Ron Elving

With the defeat of Hillary Clinton and the election of Donald Trump, Democrats may feel they have hit bottom.

The new power structure in Washington will combine a Republican president and a Republican Congress for the first time since 2006. Throw in pending and prospective vacancies on the Supreme Court, and you can see why many progressives consider this the worst-case scenario.

But it is not.

When American voters must choose a new president, reaction tends to rule. Given a choice between continuity and contrast, we favor contrast — even when the retiring incumbent leaves office with relatively high public approval.

This sometimes is called the pendulum effect: The farther the pendulum swings in one direction, the farther it is likely to swing back. In physics, every action has an equal and opposite reaction; in politics, the pushback sometimes can be disproportionate.

When Donald Trump came down the escalator in June of 2015 in the tower he named for himself in Manhattan, few of us who do politics for a living took his off-the-cuff announcement for president seriously.

But the past 17 months have been a lesson to all of us who flattered ourselves — as campaign pros, polling pros and media pros — that we knew more about politics than he did.

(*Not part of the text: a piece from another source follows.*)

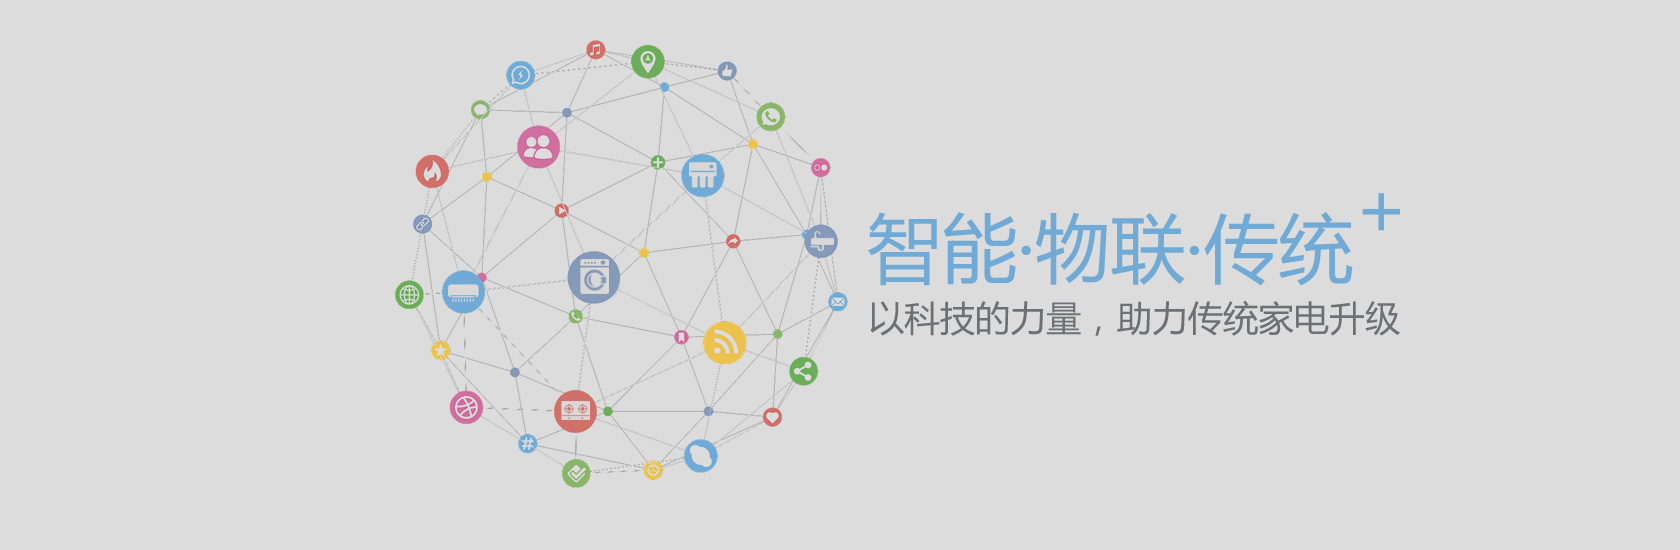 关于当前产品5分彩app下载·(中国)官方网站的成功案例等相关图片

What have we learned? That Trump was being taken very seriously, indeed, by the people who ultimately mattered: voters.

Polls are not the only place people look to for guidance to Election Day outcomes. Lots of people believe in bellwethers.

The first two things to know about bellwethers is that there's no letter "a" in the word, and bellwethers don't have anything to do with predicting the weather. The name refers to the neutered rams that shepherds use to guide flocks in the right direction. The wether trots along when the shepherd calls, the bell at his neck jangles, and the other sheep come ambling after him.